A description of the data set.

The LiDAR data that I used with my initial analysis was 2008 DOGAMI LiDAR flown over the McDonald-Dunn forest. The RMSE for this data set was 1.5cm. The DEM data set I used was from 2009 has a RMSE of 0.3 m. A Canopy Height Model (CHM) was made in RStudio lidR package that used a digital surface model with a 1 meter resolution. The CHM was used to create an individual tree segmentation, where segmented trees were then converted to point data.

https://gimbalmonkey.github.io/SaddlebackPC/index.html

A link to a visualization of the raw point cloud that is georeferenced to its terrain.

Hypotheses: predictions of patterns and processes you looked for.

I suspected that initially the Baker Creek stand would have higher forest aesthetic that would reflect in the stand’s unmanaged vegetation structure.

Rational

Since the Saddleback had been managed and cut I figured the more natural structure of the riparian stand would have generally higher forest aesthetics than a stand that has been altered by anthropogenic factors. Some processes that I hypothesized that relates to forest aesthetics to these stands was the spatial point pattern of trees could be related to forest aesthetics. Insert forest aesthetic link:

Approaches: analysis approaches you used.

Exercise 1: Ripley’s K Analysis point pattern analysis

The steps taken to create a point pattern analysis was to identify individual trees and convert the trees into point data. The RStudio lidR package was used to create a Canopy Height Model and then an Individual tree segmentation. Rasters and shapefiles were create to export the data so I could then use the tree polygons to identify tree points. The spatstat package was used in RStudio as well to perform a Ripley’s K analysis on the point data.

Figure 1. Individual Tree Segmentation using watershed algorithm on Saddleback stand.

Exercise 2: Geographically weighted Regression

The steps taken to do the geographically weighted regression included using the polyongs created from the individual tree segmentation to delineate tree centers. When tree points were created from the centroids of the polygons, which would be inputs for the GWR in ArcMap. A density raster and CHM raster had their data extracted to the point data so that density and tree height could be the variables used in the regression. Tree height was the explanatory variable and density was the independent variable.

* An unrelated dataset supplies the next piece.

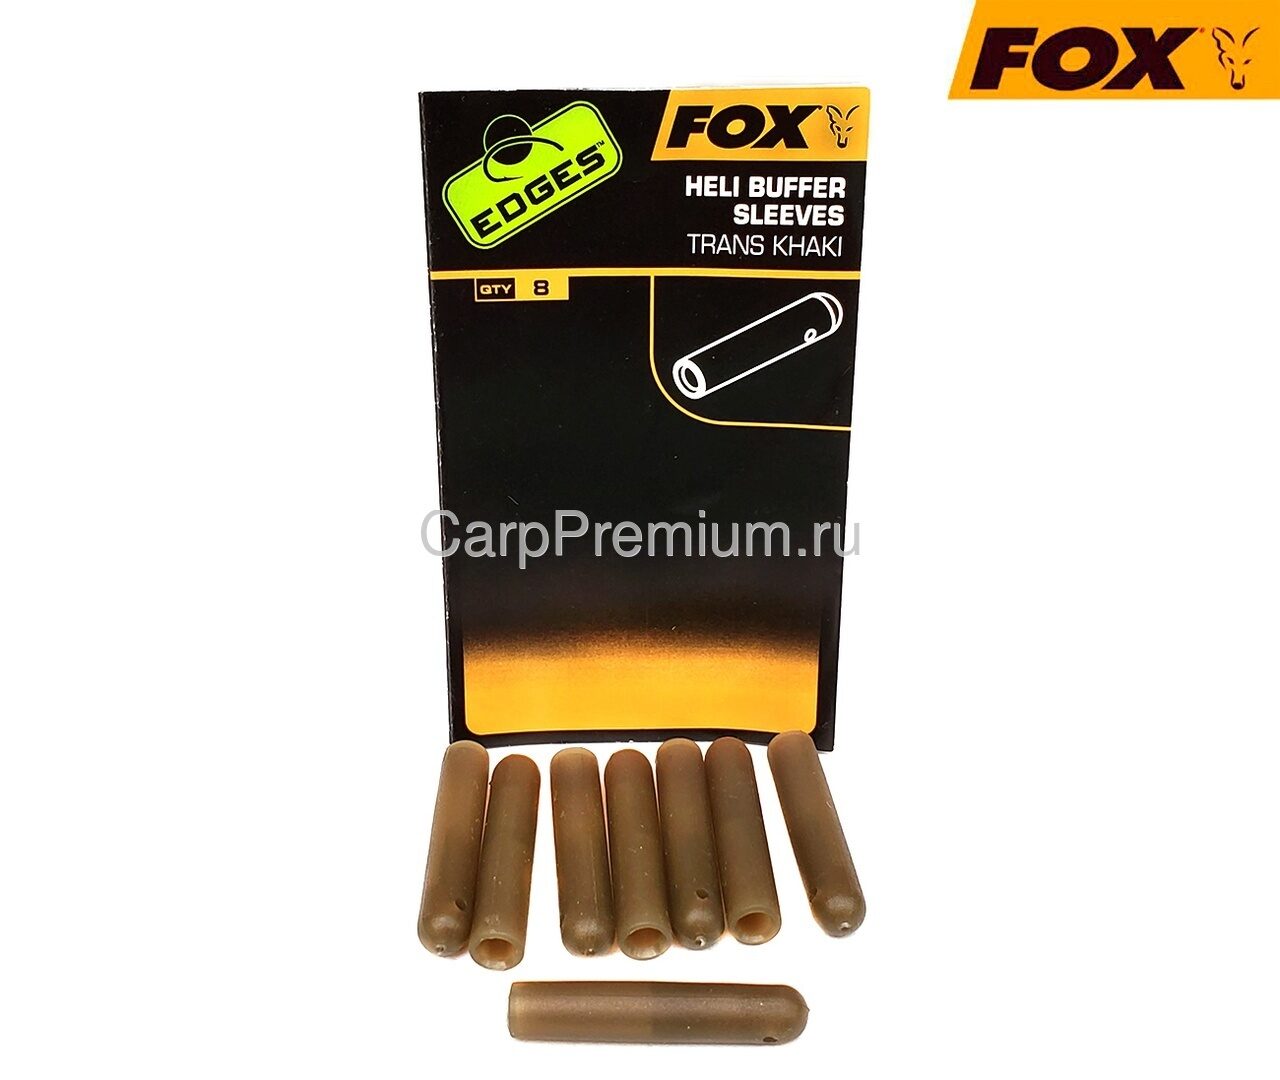 Буферные втулки для монтажей Fox (Фокс) - EDGES Heli Buffer Sleeve Trans Khaki, 8 шт

Figure 2. Polygon output from Individual tree segmentation using the lidR package. The Watershed algorithm was the means of segmentation, and points were created from polygon centroids in ArcMap.

Exercise 3: Supervised Classification

This analysis involved creating a supervised classification by using training data from NAIP imagery and a maximum likelihood classification algorithm. It involved using the NIR band and creating a false color image that would show the difference spectral reflectance values from conifers and deciduous trees. I used a histogram stretch to visualize the imagery better and spent time gathering quality training data. I then created a confusion matrix by using accuracy points on the training data. I then clipped the thematic map outputs with my individual tree segmentation polygons to show how each tree had their pixels assigned.

Results

The Ripley’s K analysis in ArcMap showed me that Saddleback stand’s trees are dispersed, and the Baker Creek stand’s trees were spatially clustered. GWR outputs told me that the model in the Saddle back stand showed me a map output where tree heights and density were positively related. The adjusted R2 was 0.69 and gave me a good output that showed me the tallest and densest trees were on the edges of Saddleback stand. The Baker Creek stand’s model performed poorly on the point data with an adjusted R2 of 0.5. The outputs only showed relationships could only be modeled on the upper left of the stand. The classified image worked well on Saddleback stand due to less distortion in the NAIP imagery on that stand, and the Baker Creek stand’s classification was not useful since it had significant distortion in the NAIP imagery.

Exercise 1:

Figure 3. ArcMap Ripley’s K function output for Saddleback stand assessing tree points.

Exercise 2:

Figure 4. Geographically weighted regression of Baker Creek and Saddleback stand. The Hotter colors indicate positive relationships between tree density and tree height.

Exercise 3.

Figure 5. Supervised image classification using a maximum likelihood algorithm on Saddleback stand.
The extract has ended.